[Libvir] Autostarting guests and networks

Hey, We need some way to have libvirtd automatically start guests and networks. We had said we should have autostart directories containing config files of guests/networks which should be autostarted. One problem I see with that is that we'd need a new API to define autostart configs. So, I suggest we add an "autostart" flag to the toplevel element of the configs. We could discuss this one at length and I, for one, don't like using the XML format as an API like this, but ... comments? Cheers, Mark.

On Fri, Feb 16, 2007 at 02:51:07PM +0000, Mark McLoughlin wrote:
Hey, We need some way to have libvirtd automatically start guests and networks.
We had said we should have autostart directories containing config files of guests/networks which should be autostarted. One problem I see with that is that we'd need a new API to define autostart configs.
So, I suggest we add an "autostart" flag to the toplevel element of the configs.
We could discuss this one at length and I, for one, don't like using the XML format as an API like this, but ... comments?
I'm not sure that adding a flag to the XML is neccessarily the correct way to do this. The XML is intended to be a description of the VM's virtual hardware / resources. Whether a domain autostarts or not is really administrator defined policy which doesn't match up with intended use of the XML. Similar reason we don't put VCPU pinning information in the XML, because its local machine / administrator defined policy rather than a part of the VM hardware description. I think I'd probably be more inclined to add a formal API for querying whether a domain autostarts, and a second for setting the autostart flag on/off. The old Xend just stuffs VM configs into a special directory to autostart, so we can detect that by looking for appropriate symlins, and change it by adding/removing the symlinks.
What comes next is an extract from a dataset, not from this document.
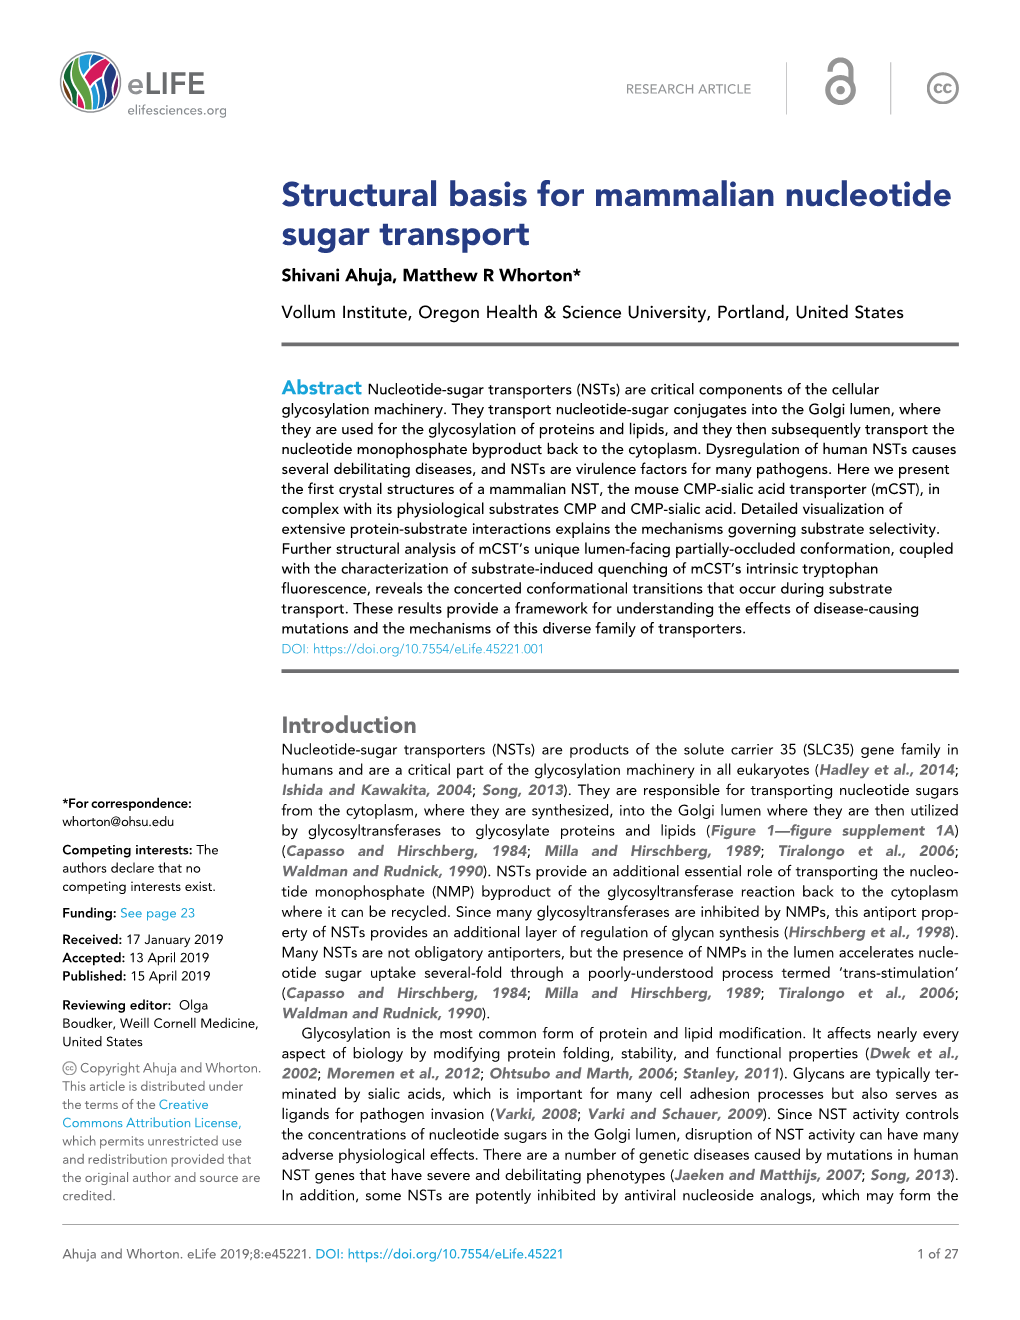 Structural Basis for Mammalian Nucleotide Sugar Transport Shivani Ahuja, Matthew R Whorton*
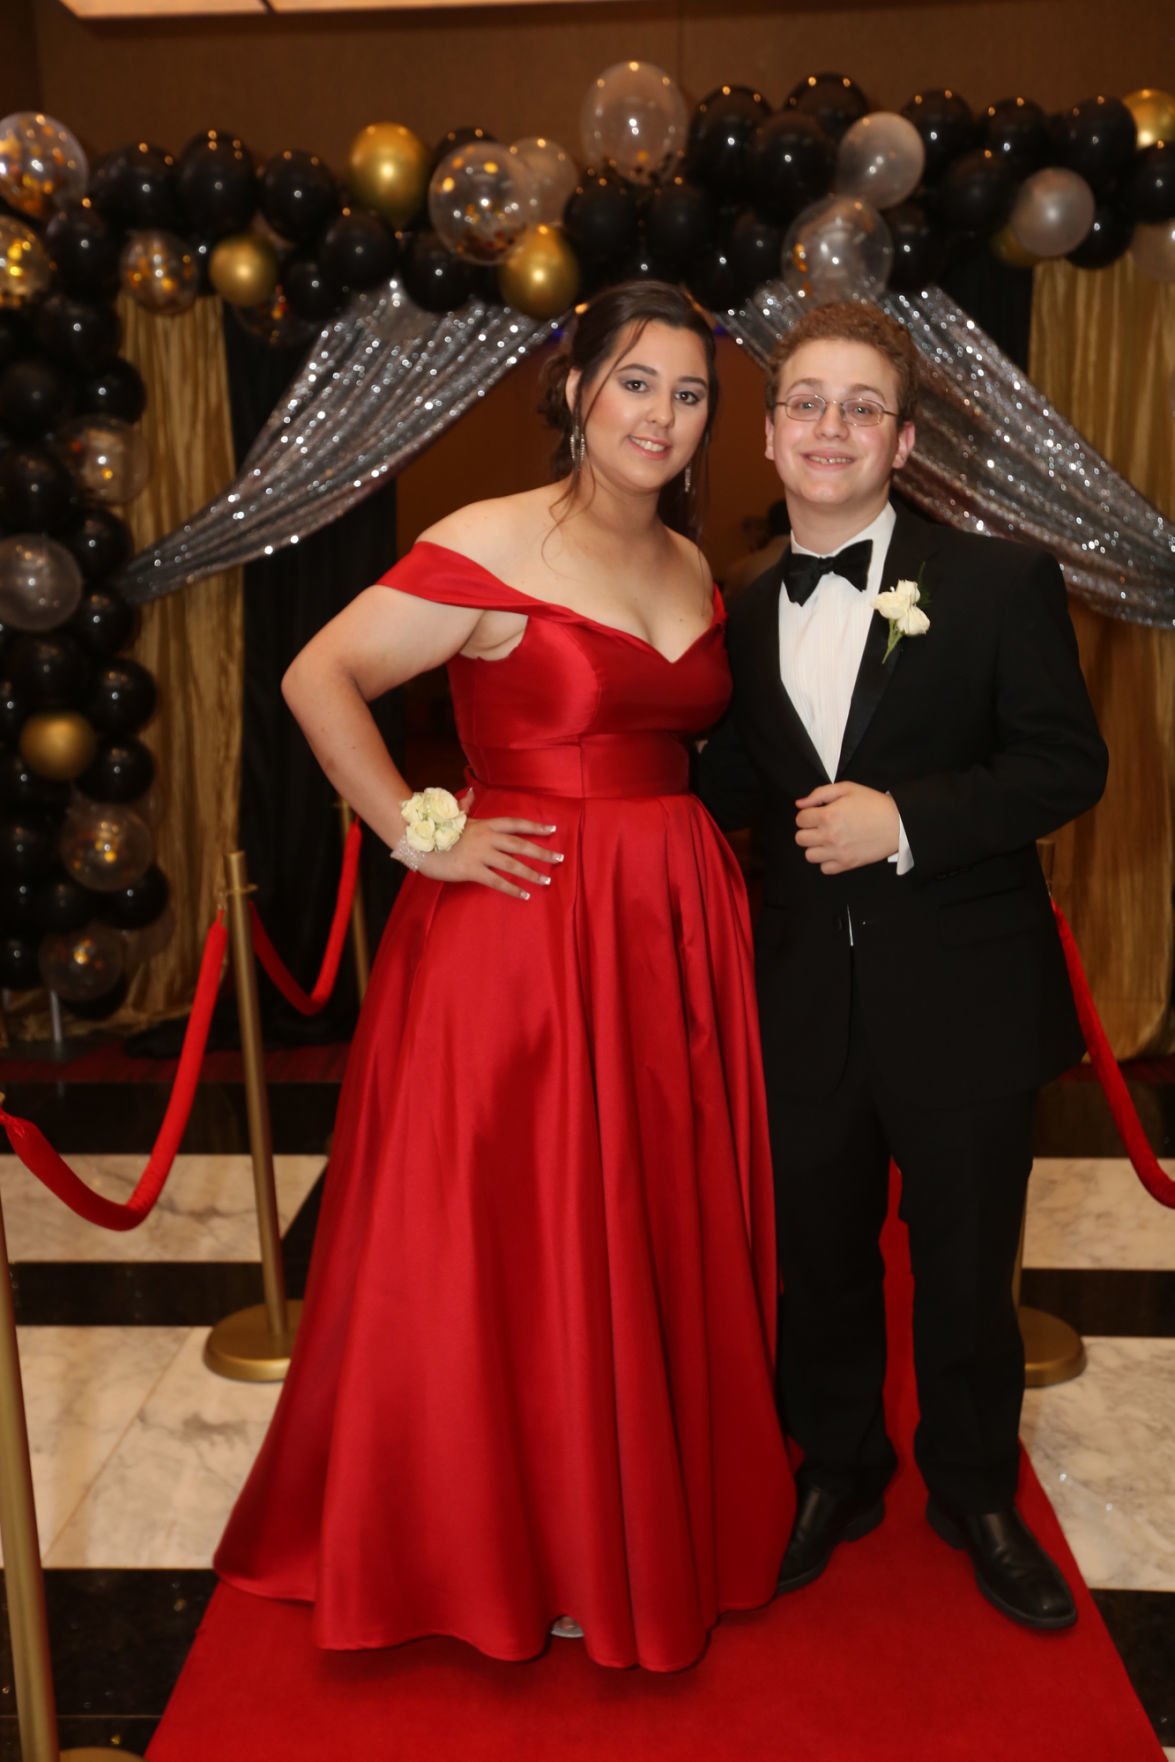 GALLERY: Atlantic City High School prom 2019 | Prom Central

The newer Xen 3.0.4 or later has a formal API for setting/querying autostart I believe, but can't remember the details just at the minute. Dan. -- |=- Red Hat, Engineering, Emerging Technologies, Boston. +1 978 392 2496 -=| |=- Perl modules: http://search.cpan.org/~danberr/ -=| |=- Projects: http://freshmeat.net/~danielpb/ -=| |=- GnuPG: 7D3B9505 F3C9 553F A1DA 4AC2 5648 23C1 B3DF F742 7D3B 9505 -=|

On 2/17/07, Daniel P. Berrange <berrange@redhat.com> wrote:
On Fri, Feb 16, 2007 at 02:51:07PM +0000, Mark McLoughlin wrote:
Hey, We need some way to have libvirtd automatically start guests and networks.
We had said we should have autostart directories containing config files of guests/networks which should be autostarted. One problem I see with that is that we'd need a new API to define autostart configs.
So, I suggest we add an "autostart" flag to the toplevel element of the configs.
We could discuss this one at length and I, for one, don't like using the XML format as an API like this, but ... comments?
I'm not sure that adding a flag to the XML is neccessarily the correct way to do this. The XML is intended to be a description of the VM's virtual hardware / resources. Whether a domain autostarts or not is really administrator defined policy which doesn't match up with intended use of the XML. Similar reason we don't put VCPU pinning information in the XML, because its local machine / administrator defined policy rather than a part of the VM hardware description.
I think I'd probably be more inclined to add a formal API for querying whether a domain autostarts, and a second for setting the autostart flag on/off.
Agreed let's not mix policies and data. However I assume the API would allow to define directories for autostarted configs. I guess having predefined dirs for such data is a common concept. And trying to hard code it like /etc/xen is really not the best. IIRC we already have a config file now for some daemons, can we have such directories entries in the config file ? I guess it would give the flexibility required for most uses while keeping a relatively sane API and avoiding putting the policy in the data themselve.
The old Xend just stuffs VM configs into a special directory to autostart, so we can detect that by looking for appropriate symlins, and change it by adding/removing the symlinks. The newer Xen 3.0.4 or later has a formal API for setting/querying autostart I believe, but can't remember the details just at the minute.
Do we need to match the new Xend mechanism ? Daniel

On Sat, 2007-02-17 at 14:12 +0800, Daniel Veillard wrote:
Agreed let's not mix policies and data. However I assume the API would allow to define directories for autostarted configs. I guess having predefined dirs for such data is a common concept. And trying to hard code it like /etc/xen is really not the best. IIRC we already have a config file now for some daemons, can we have such directories entries in the config file ? I guess it would give the flexibility required for most uses while keeping a relatively sane API and avoiding putting the policy in the data themselve.
I don't think this is specific to the autostart support - i.e. we already define /etc/libvirt/qemu as the location for qemud domain definitions and don't have a configurable way of allowing other directories. I've no objection to allowing multiple locations and making that configurable, but there is a few things to bear in mind: - The common idiom for this is a stack of directories where definitions in later dirs higher in the stack override definitions in lower dirs - When a definition is saved, should it be saved in the highest dir in the stack, or where it was originally defined, or the later if it's writable but fall back to the former? - What about the mismatch between filenames and domain names? 1) Identical filenames with different domain names - if you have domain Foo in /etc/libvirt/qemud/foo.xml and domain Bar in /mydomains/foo.xml, should both domains be loaded or just the highest foo.xml in the stack? (If the former - think about saving. If e.g. you save Foo, it may be saved to /mydomains/foo.xml, overwriting the definition for Bar) 2) Identical domain names with different file names - if you have domain Foo defined in /etc/libvirt/qemud/foo.xml and another definition of domain Foo from /mydomains/bar.xml, should the highest definition win? Cheers, Mark.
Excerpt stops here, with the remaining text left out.